# Your favorite setups



## fishin magishin

I'm just throwing this out for fun but what's some of your favorite salt water setups including the fly ?????:thumbup:


----------



## JonnyT

That's a tough one. I guess my FAVORITE is a 5 or 6 wt. with floating line and a pink/white clouser with white eyes on docklights.


----------



## billfishhead

12 wt narrington rod with a wf floating line and deciever,,,,,,,,,,#3 fin nor reel


----------



## Chris V

10WT Sage RPLX and Tibor Riptide


----------



## Charlie2

*Setups*

9 foot 8wt custom rod with an Intermediate line and no-name reel,fished with pink/white/chartreuse Clousers and Deceivers.
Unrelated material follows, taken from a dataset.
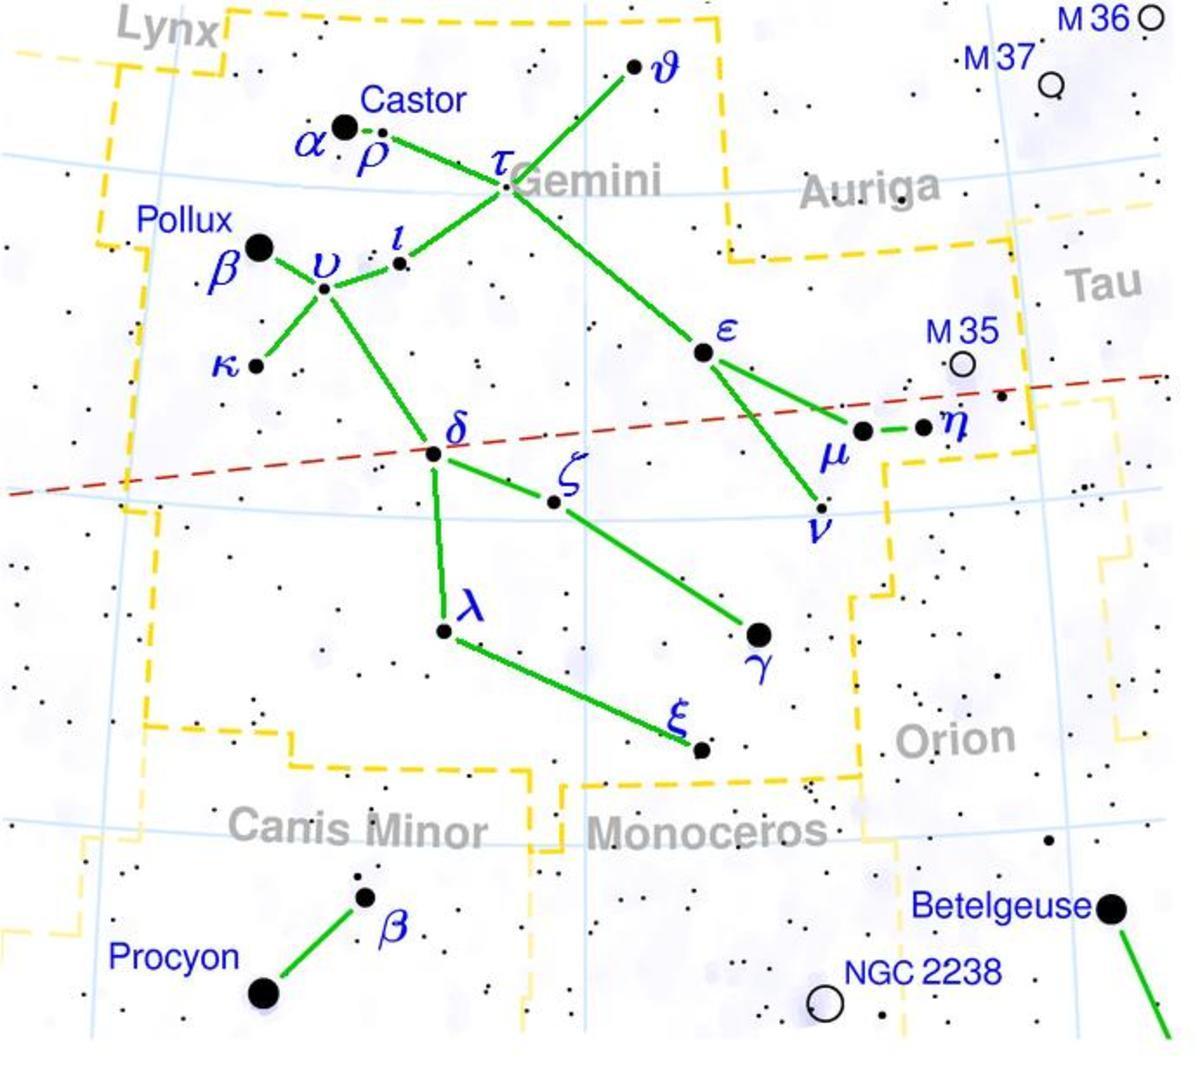 Orion gemini and taurus sexual orientation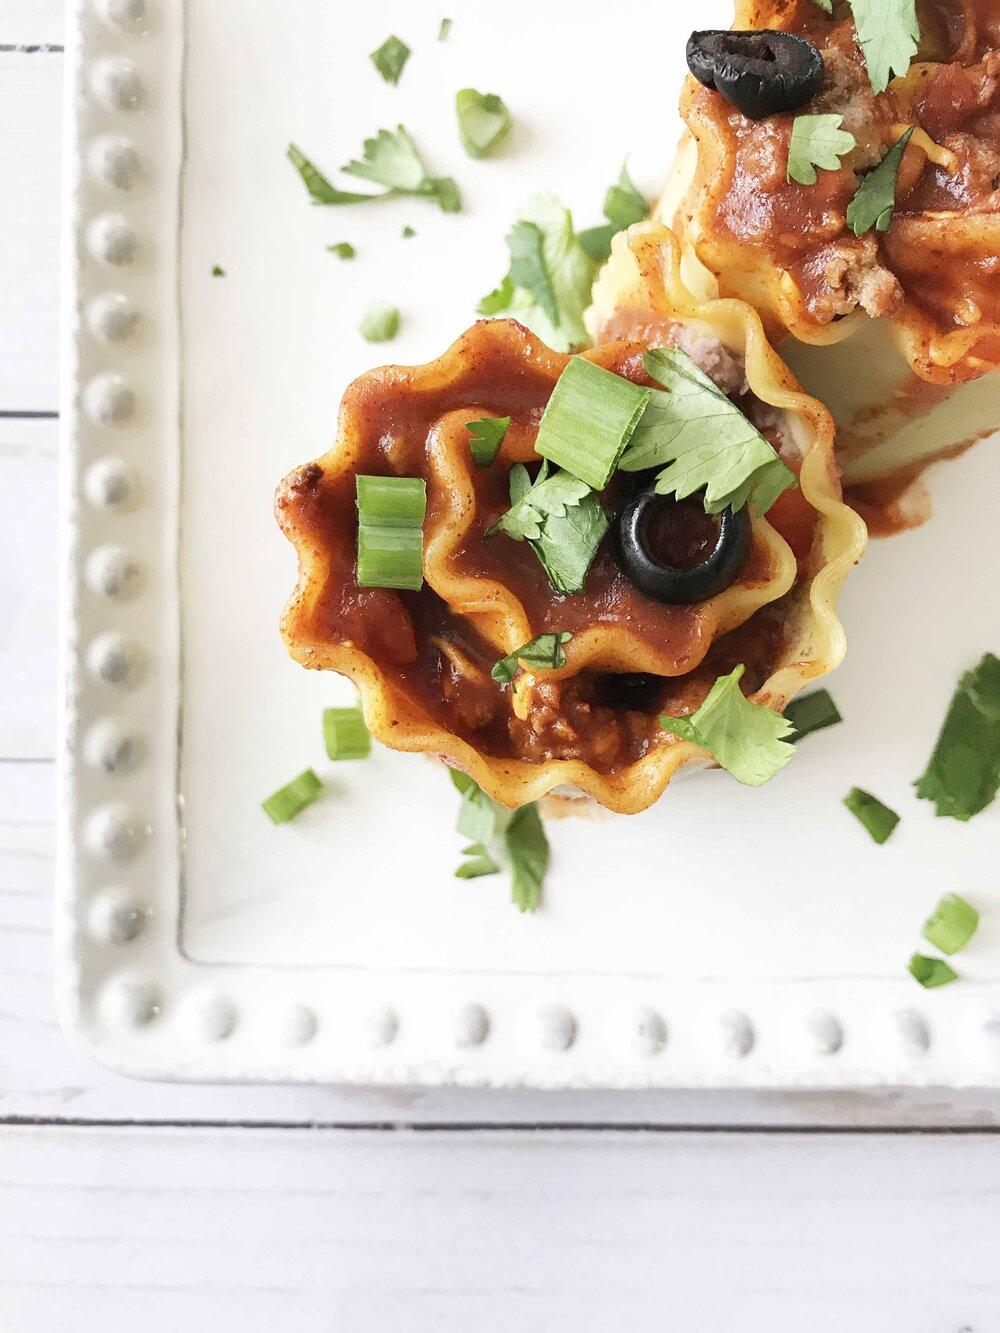 texmex-lasagna-rolls12.jpg

Alternate: 8 foot 6wt custom rod. again; intermediate line with same lures. JMHO C2


----------



## wtbfishin

My 8wt 9' RS4 Redington has worked fine, along w/a Lamson Konic reel, intermiate line in the surf, floating in the bay flats, Most any Clouser or Crab pattern. Of course I could dream way past this, doubt it'd catch more fish though :whistling:


----------



## a

8 wt Sage TCR.....Van Stal 7/8.....STOLEN!


----------



## timeflies

wtbfishin said:


> My 8wt 9' RS4 Redington has worked fine, along w/a Lamson Konic reel, intermiate line in the surf, floating in the bay flats, Most any Clouser or Crab pattern. Of course I could dream way past this, doubt it'd catch more fish though :whistling:


That is a fine setup right there! The rs4 is a really underrated rod, and the Lamson drag is super tough! Good choice here for someone who wants performance without a ridiculous price tag.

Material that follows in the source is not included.